To test for the barcode, we will need to compile the list of barcodes into a single column, with one row/line for each barcode, into a .txt file. This has already been done and included in the NP_WkShop_VC_BC_list_check.txt text file. Run the following command in the command line:

  1. barcode test: tells the computer we want to use the test function in the barcode package.
  2. -d 5: checks the list of barcodes for a minimum Sequence-Levenshtein distance of “5”.
  3. NP_WkShop_VC_BC_list_check.txt: our input barcodes text file.
    # first change into the right directory for Exercise 1
    cd ~/ngs_workshop/vc
    # Test barcode
    barcode test -d 5 NP_WkShop_VC_BC_list_check.txt
    

We should then see the output below, which confirms the barcodes we are using do not violate any distance constraints, up to at least a Sequence-Levenshtein distance of 5.

0 barcodes violate the distance contraint.

With that, we can safely move on with using that set of barcodes for our library preparation, and for downstream de-multiplexing!

Try changing the distance parameter!

Try changing the distance parameter and see what we get!

Solution

We should still see 0 barcodes violate the distance contraint., until we try -d 6 where we should then see the output:

2 barcodes violate the distance contraint.

3. Demultiplexing

Having obtained a good set of barcodes, we can then barcode our sample (such as by using barcoding primers through PCR) and library prep and sequence them. After having sequenced and basecalled the samples, we can then demultiplex our raw reads using the .Fastq file. The merged raw reads have been curated and merged into a single .Fastq file for this exercise in WkShop_VC.fastq.

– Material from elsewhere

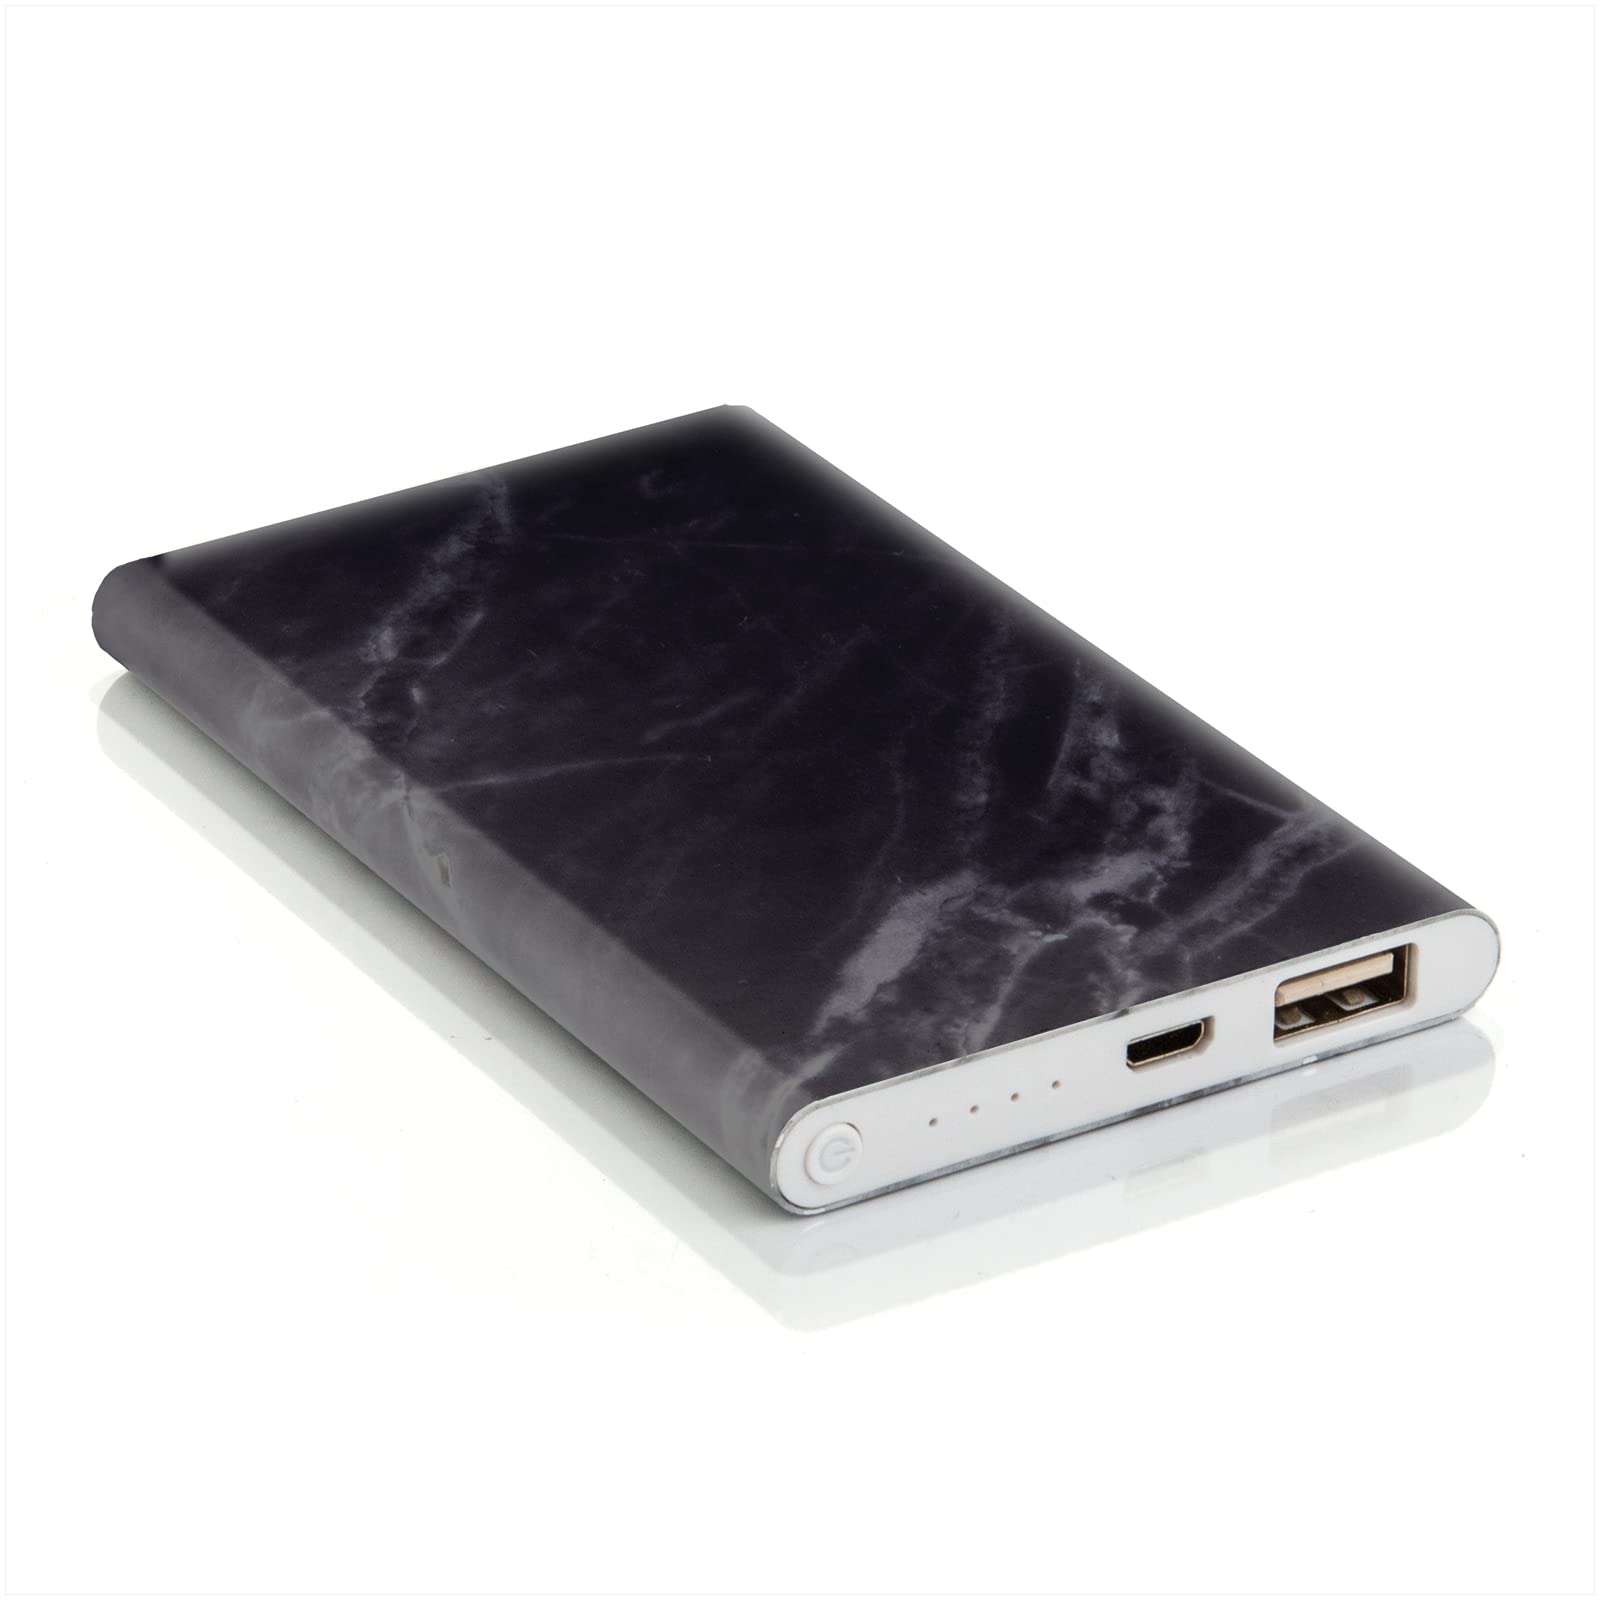 Good Design Works Tragbare Powerbank 4000mAh USB Handy Smartphone Ladegerät in Marmor - Geeignet für iPhone, Tablets und Elektrogeräte

Similar to barcode generation, any app/program etc. can be used for demultiplexing. Here, we will use the demultiplex program on the command line. To use the demultiplex program, we will need both the input raw WkShop_VC.fastq file, as well as a tab-seperated-value (TSV) file containing the labelled barcodes in NP_WkShop_VC_BC_list.tsv. As we will be using the match tool, we can provide both the forward and reverse barcodes in the .tsv file. However, do note here that the two barcodes for each sample should both be in the same direction (i.e. the sequence of the e.g. reverse primer used to generate the PCR amplicon should be reverse complemented here, so that both barcodes are in the same direction on the same strand!)!

The one-line command below should be able to demultiplex the reads into the 4 distinct samples accordingly.

  1. demultiplex match: tells the computer we want to use the match tool from the demultiplex program.
  2. NP_WkShop_VC_BC_list.tsv: the .tsv file containing our labelled barcodes – with the “reverse” barcode being reverse complemented so both barcodes are in the same direction, on the same strand.
  3. -m 2: to allow for 2 mismatches when demultiplexing. Note this is the number or errors, not the Sequence-Levenshtein distance itself!
  4. -d: to use Sequence-Levenshtein distance when allowing for the mismatch when multiplexing.
  5. -f: to allow the program to automatically classify any reads which are detected to belong to more than 1 sample into a separate file.
demultiplex match NP_WkShop_VC_BC_list.tsv WkShop_VC.fastq -m 2 -d -f

# Optional: remove the original raw .fastq file after demultiplexing:
rm WkShop_VC.fastq

After this, we should see the following files generated. The 4 samples are labelled BC1 to BC4. Reads detected to have barcodes matching more than one sample are classified under MULTIPLE (possibly due to read errors etc.), and reads which do not have any of either 2 barcodes detected are classified under UNKNOWN (probably due to truncated reads etc).

WkShop_VC_BC1.fastq
WkShop_VC_BC2.fastq
WkShop_VC_BC3.fastq
WkShop_VC_BC4.fastq
WkShop_VC_MULTIPLE.fastq
WkShop_VC_UNKNOWN.fastq

With that, we have succesfully demultiplexed our raw sequencing .Fastq data into their respective 4 samples! And we may continue to the next step.